When the conservation about Goldman Sachs’ partnership structure comes up, many remark upon how even today’s lower figure remains extremely high compared to average executive profit-sharing in the United States and that no one wants to hear high-earners complain about how their profits “ain’t what it used to be.” True points, but low-hanging fruit.

A broader point that is rarely discussed is: How does Goldman Sachs have partners when it is a publicly traded corporation? Isn’t there an inherent conflict as to the division between profit-sharing that is attributable to a particular partner and the profits that should go to someone as a shareholder of the common stock? 

The answer is that Goldman Sachs enters into a contract with a given partner (often called the “partner managing agreement”) that contains a base salary plus a certain percentage of profit for a particular project under the partner’s purview. These agreements are deemed confidential but Goldman Sachs did make its partnership agreement public in Exhibit 10.50 filed with the SEC as part of its IPO two decades ago. 

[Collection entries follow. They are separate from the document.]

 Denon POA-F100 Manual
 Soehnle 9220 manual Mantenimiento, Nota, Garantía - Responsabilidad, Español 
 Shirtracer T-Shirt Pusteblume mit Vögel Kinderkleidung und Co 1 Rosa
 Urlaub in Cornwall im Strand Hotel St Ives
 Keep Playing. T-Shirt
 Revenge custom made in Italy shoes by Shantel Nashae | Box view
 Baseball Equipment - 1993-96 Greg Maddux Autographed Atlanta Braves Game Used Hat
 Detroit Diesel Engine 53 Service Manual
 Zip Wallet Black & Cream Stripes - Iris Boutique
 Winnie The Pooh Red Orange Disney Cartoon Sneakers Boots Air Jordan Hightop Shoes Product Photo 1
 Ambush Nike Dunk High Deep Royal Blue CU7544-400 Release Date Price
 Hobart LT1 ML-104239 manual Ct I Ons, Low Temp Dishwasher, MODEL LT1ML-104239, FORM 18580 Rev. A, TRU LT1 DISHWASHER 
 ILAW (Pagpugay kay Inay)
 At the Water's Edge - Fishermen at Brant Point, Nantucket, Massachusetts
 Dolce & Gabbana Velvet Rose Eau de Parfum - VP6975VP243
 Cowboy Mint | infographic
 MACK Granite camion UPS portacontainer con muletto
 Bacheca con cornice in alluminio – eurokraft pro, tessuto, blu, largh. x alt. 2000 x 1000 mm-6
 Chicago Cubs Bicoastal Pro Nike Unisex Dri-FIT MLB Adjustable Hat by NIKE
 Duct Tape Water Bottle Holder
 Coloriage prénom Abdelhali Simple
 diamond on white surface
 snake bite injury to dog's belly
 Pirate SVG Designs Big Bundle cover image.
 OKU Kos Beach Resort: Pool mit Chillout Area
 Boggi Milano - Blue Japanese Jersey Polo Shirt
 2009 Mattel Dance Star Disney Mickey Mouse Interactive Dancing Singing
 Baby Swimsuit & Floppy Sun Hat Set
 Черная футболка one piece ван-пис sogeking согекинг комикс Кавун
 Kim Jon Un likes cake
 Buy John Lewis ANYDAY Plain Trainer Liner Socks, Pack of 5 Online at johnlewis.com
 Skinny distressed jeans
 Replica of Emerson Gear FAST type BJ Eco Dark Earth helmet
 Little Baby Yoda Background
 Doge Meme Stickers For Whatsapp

For the most part, Goldman Sachs’ partnership agreement is indistinguishable from an incentive-performance plan that is in place at nearly every Fortune 500 company. If a partner’s assigned unit does well, compensation as high as 25% of profits can go to the individual partner with the remainder going to the Goldman Sachs shareholder. 

Where it gets controversial is when a particular partner, believed to be so valuable to the firm, succeeds in negotiating a contract for a share of profits unrelated to an area under its purview. For the club of 550 managing partners at Goldman Sachs, there is a $500 million pool of profits split among the partners where only $350 million is attributable to business units under the partners receiving the profits. For the remaining $150 million, the profit sharing is coming from business operations that are wholly unrelated to the active management of the particular partner. 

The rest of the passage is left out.